┏━━
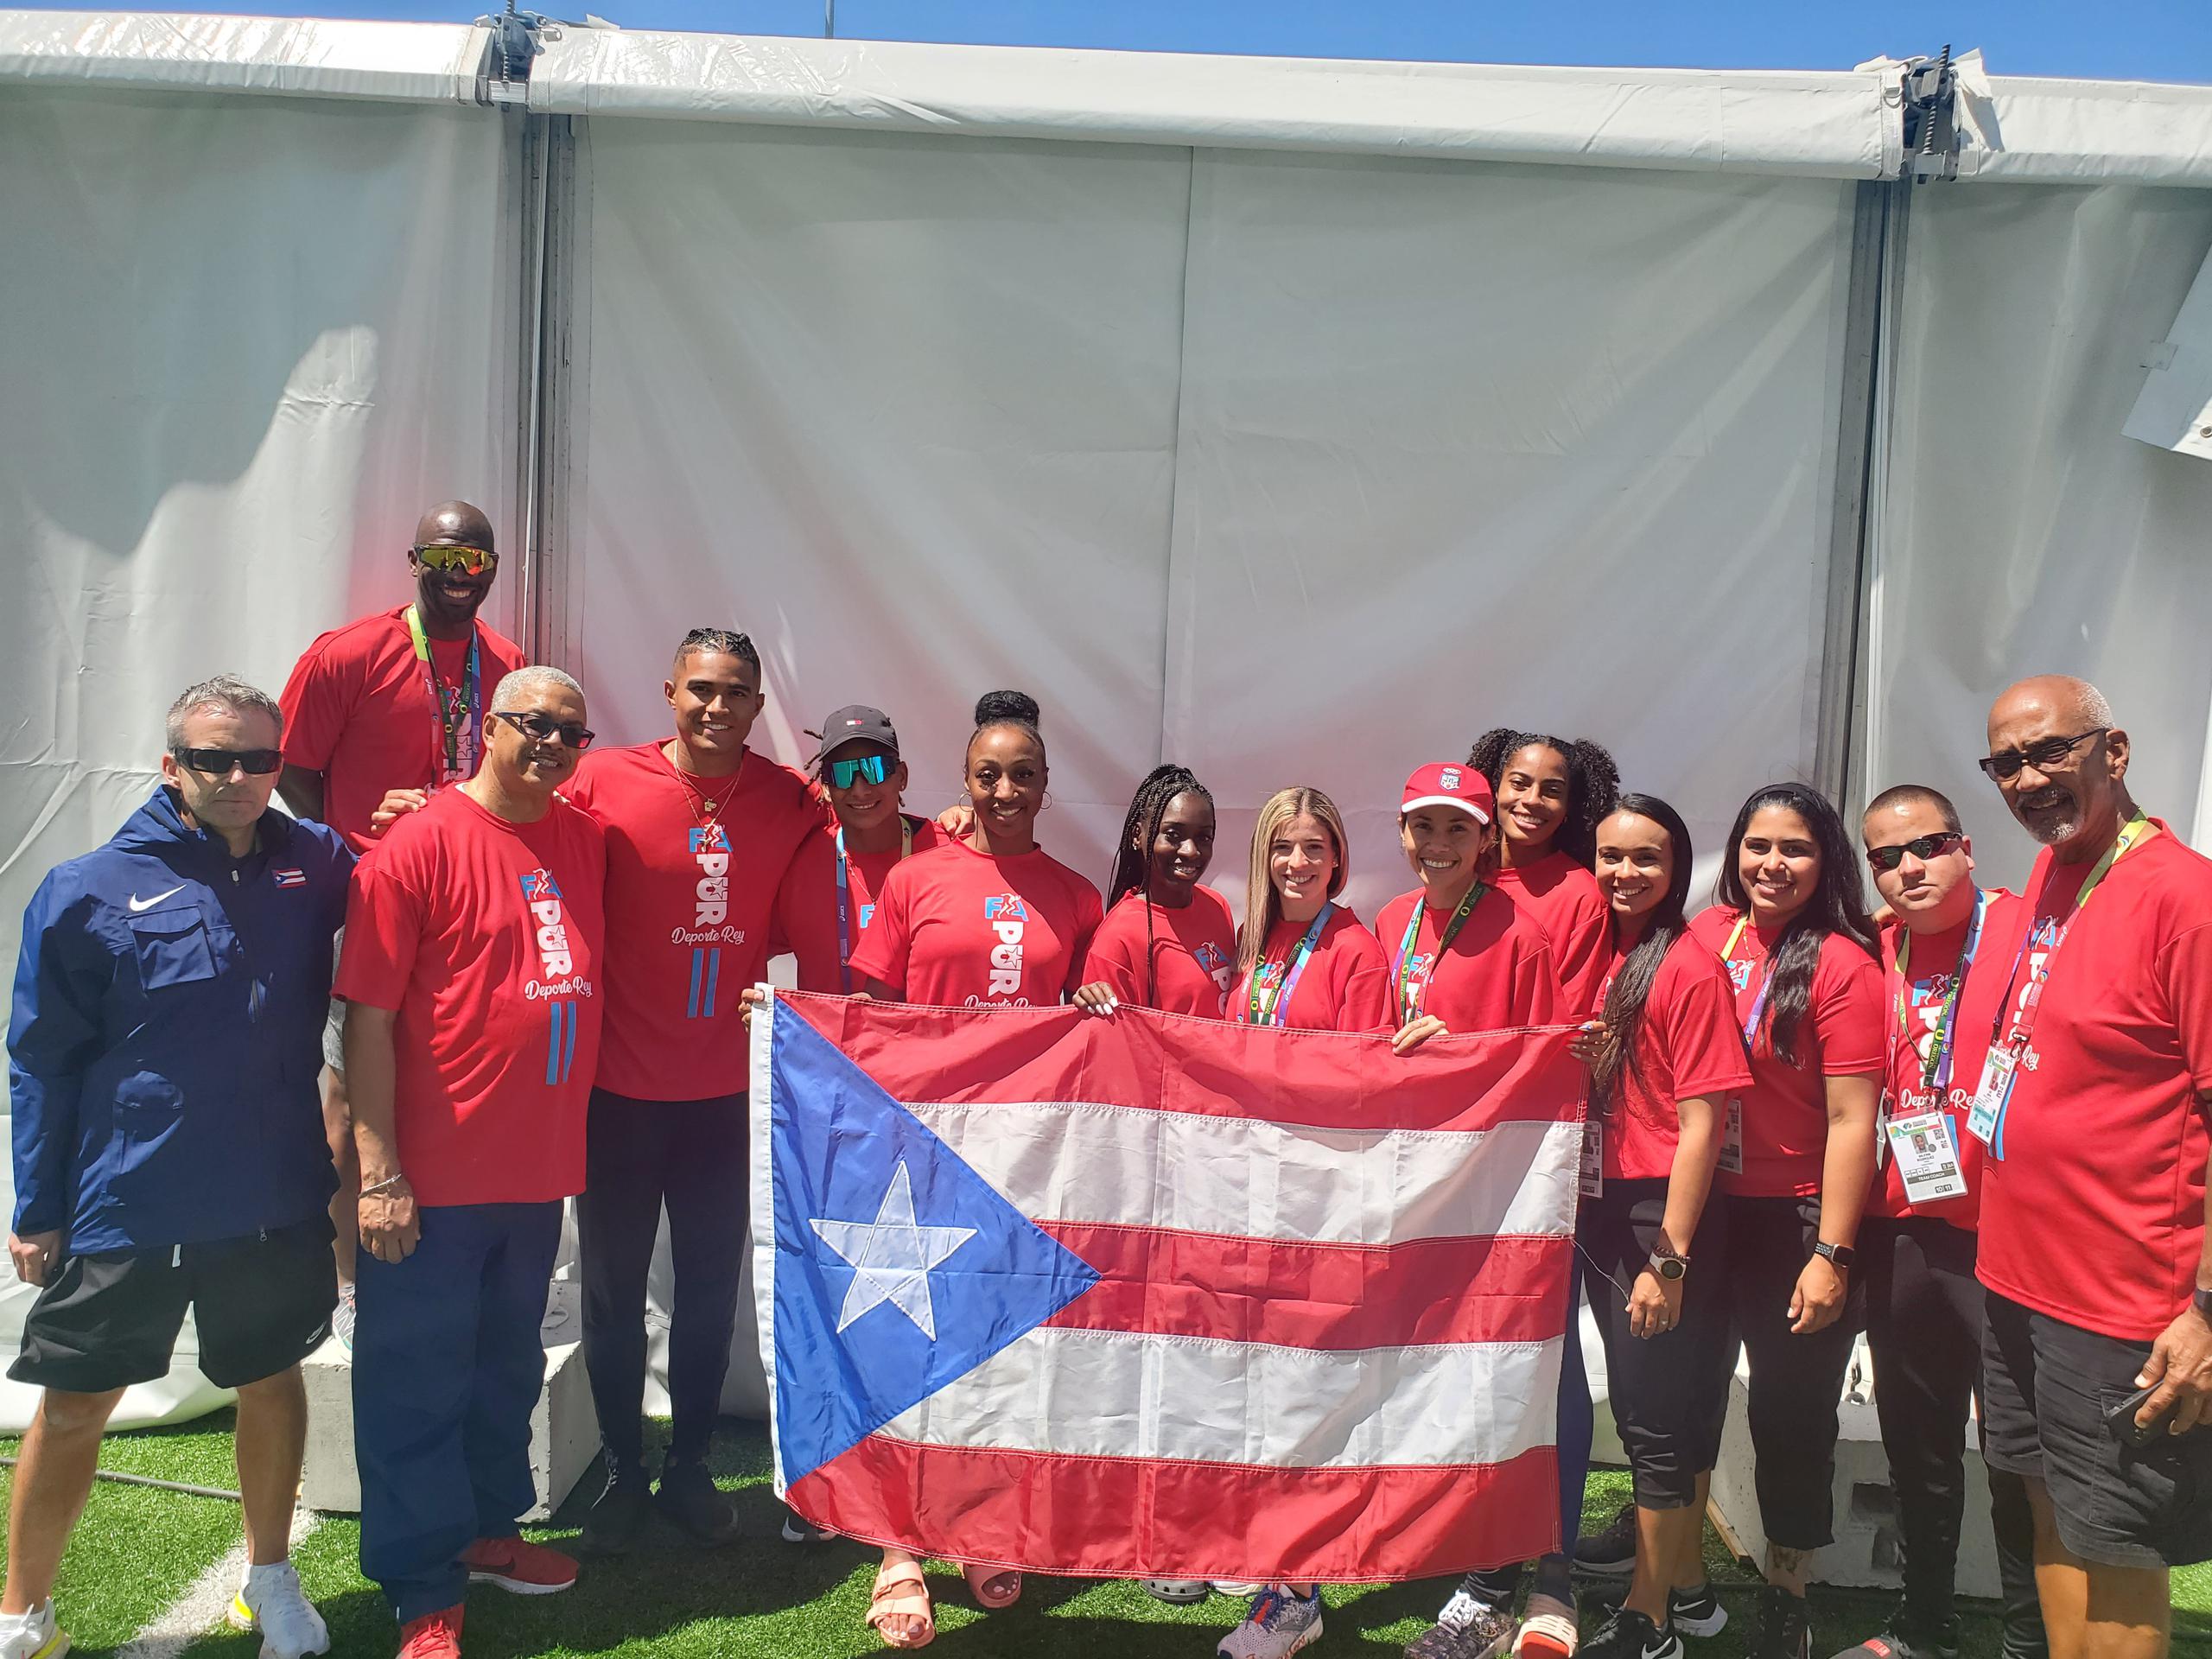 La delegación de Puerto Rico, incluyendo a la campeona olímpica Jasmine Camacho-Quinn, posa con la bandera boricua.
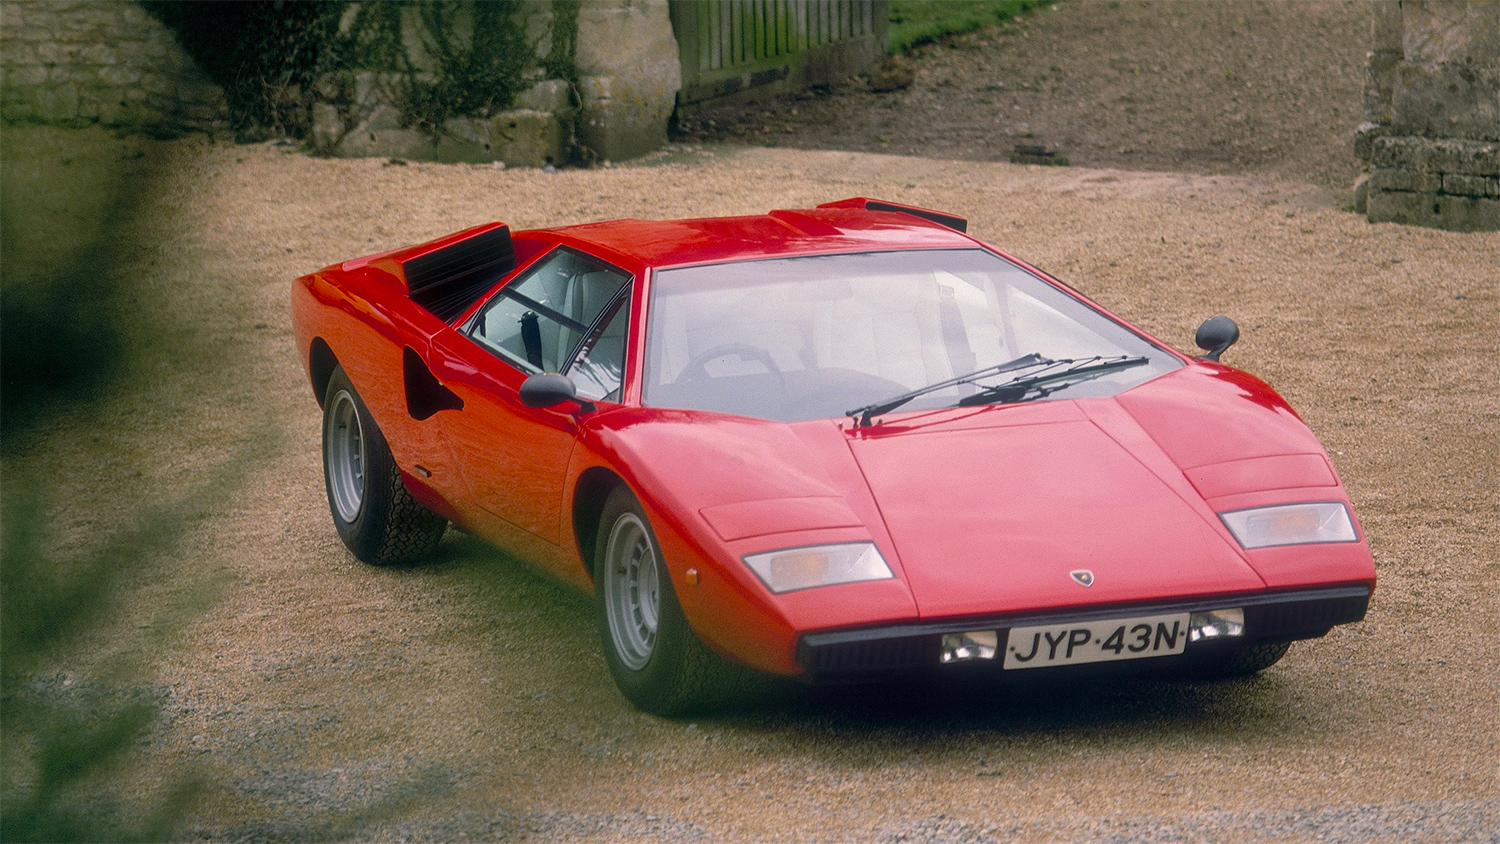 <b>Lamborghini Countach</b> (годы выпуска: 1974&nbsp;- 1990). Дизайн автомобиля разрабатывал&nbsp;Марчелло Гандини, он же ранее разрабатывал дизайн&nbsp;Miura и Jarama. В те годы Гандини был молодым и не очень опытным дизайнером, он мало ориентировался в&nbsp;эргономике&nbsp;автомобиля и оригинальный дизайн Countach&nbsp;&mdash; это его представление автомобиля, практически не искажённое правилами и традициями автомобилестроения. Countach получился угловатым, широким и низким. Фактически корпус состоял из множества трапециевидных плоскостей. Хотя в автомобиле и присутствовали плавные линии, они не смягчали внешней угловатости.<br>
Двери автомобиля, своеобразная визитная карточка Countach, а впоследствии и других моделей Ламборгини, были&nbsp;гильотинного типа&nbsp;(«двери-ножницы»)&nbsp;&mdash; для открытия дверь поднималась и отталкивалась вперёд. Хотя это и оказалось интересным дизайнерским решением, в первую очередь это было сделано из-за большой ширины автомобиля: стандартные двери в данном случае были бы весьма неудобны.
┗━━
__Exercise__. Apart from the pictures, repeat the data above exactly.

__Result__.
 La delegación de Puerto Rico, incluyendo a la campeona olímpica Jasmine Camacho-Quinn, posa con la bandera boricua.
 <b>Lamborghini Countach</b> (годы выпуска: 1974&nbsp;- 1990). Дизайн автомобиля разрабатывал&nbsp;Марчелло Гандини, он же ранее разрабатывал дизайн&nbsp;Miura и Jarama. В те годы Гандини был молодым и не очень опытным дизайнером, он мало ориентировался в&nbsp;эргономике&nbsp;автомобиля и оригинальный дизайн Countach&nbsp;&mdash; это его представление автомобиля, практически не искажённое правилами и традициями автомобилестроения. Countach получился угловатым, широким и низким. Фактически корпус состоял из множества трапециевидных плоскостей. Хотя в автомобиле и присутствовали плавные линии, они не смягчали внешней угловатости.<br>
Двери автомобиля, своеобразная визитная карточка Countach, а впоследствии и других моделей Ламборгини, были&nbsp;гильотинного типа&nbsp;(«двери-ножницы»)&nbsp;&mdash; для открытия дверь поднималась и отталкивалась вперёд. Хотя это и оказалось интересным дизайнерским решением, в первую очередь это было сделано из-за большой ширины автомобиля: стандартные двери в данном случае были бы весьма неудобны.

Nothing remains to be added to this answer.